Voice Out

20:59:00

There is something that seems to bother me and that is when I am not able to do the things that I love. People will always be saying stuffs and complain about the things I do and they don't approve but somehow some of these things that I do, I feel that they are not even causing any harm to anyone.  At times I don't quite understand why do I need to stop doing something just because someone thinks it is bad for me when I myself am not causing any harm to myself.


I mean yeah sure, my photos on Instagram and my facebook posts can be racy or provocative but it is just something I enjoy doing. I am just being happy in my own skin and I love taking such shots. It is not to attract attention from male viewers or anything but I love erotic stuffs. I am totally honest about this and I do express my love for such stuffs by talking about such stuffs and taking such photos. But just because I take such photos or wear such things, it doesn't mean that I go about sleeping around with random guys. Even though my photos and captions are suggestive, I just am not into casual sex. I am a girl. The reason why I won't have any fuckbuddies or anything is because I am the sort who will have sex with someone only if there is a lot of love and when I feel ready. And females always get emotionally attached to guys. Yes, I am one of those "cuddle me" after sex. I don't want to just get out of the bed and act normal and not see the guy again.


Maybe you might be suggesting to me "Not to take such photos then since people are always commenting" but I am wondering why should I. I mean if people are really affected by my photos or statuses and complaining, then I honestly suggest that you unfollow me if it is bothering you so much. If you can't accept me for doing something I love then I don't think that we can get along. Maybe it is because it is Singapore, so people here are not as open-minded but I really don't see a problem with what I am doing as of now. I do not have any regrets or whatsoever.

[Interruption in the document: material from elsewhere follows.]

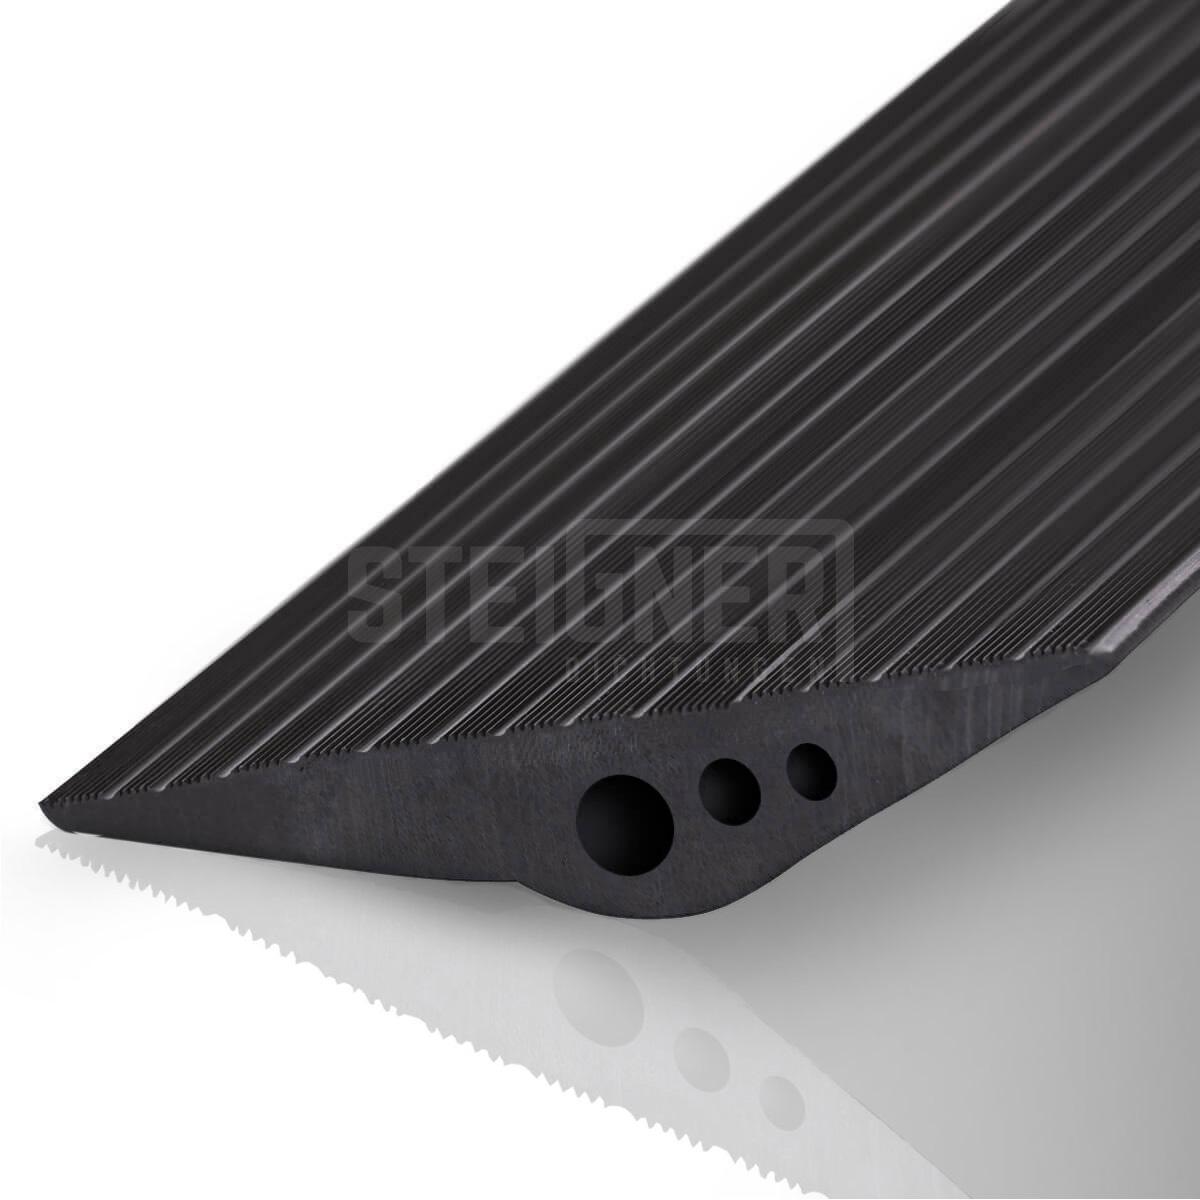 bodenabdichtung garagentor dichtung bodenplatte gummilippe. Black Bedroom Furniture Sets. Home Design Ideas

The thing that bothers me the most is why would you show a dislike or disapproval to someone when they are actually doing something they love and that they are happy about. I do feel that I am pretty much doing fine with my life. I've got my job, I am doing pretty okay in school, I have great friends around me....so I don't really see any negativity in whatever I am doing.


Another thing is why do people always look at the bad side of things instead of the good.
Why are we always judging one another when we aren't that perfect ourselves?
Apparently, some people are also disapproving of me whenever I have an opinion.
Does this mean that in future I should just keep my opinions of something to myself?
I mean afterall, it is a free world and we can pretty much do whatever we want because we live for ourselves.
You can't just judge a person based by your own perceptions of them. Maybe you don't know them well enough.


I am sorry if I have indeed offended anyone or anything but I just felt like I should get my points across. If you really can't accept me then just unfollow me on instagram and unfriend me on facebook. My life doesn't depend on how many likes I get in a photo in a day nor does it depend how many followers I have. I blog about such topics and take photos because it is my passion. So don't have that opinion of me that I am doing this because I want more views or whatever. I really cannot be bothered. I am not like some bloggers who just use their titles as a powercard to get whatever they want nor am I very hard up for sponsorships and such.I am just someone who writes on her blog because I have so much views and opinions and I love sharing them here with whoever is reading this. I love doing what I am doing. I honestly would love to try taking photos of women in future but I am not equipped with very high end cameras nor do I have the correct skills. But if you are really passionate about something, even taking a photo using your mobile phone can make a photo look really good. Yes, I enjoy taking photos, messing around with filters and just let my creativity juice run wild. It just makes me feel happy when I get the outcome I want.


So no , I am not going to stop whatever I am doing just because you think I should.
This is who I am and this is what I love doing.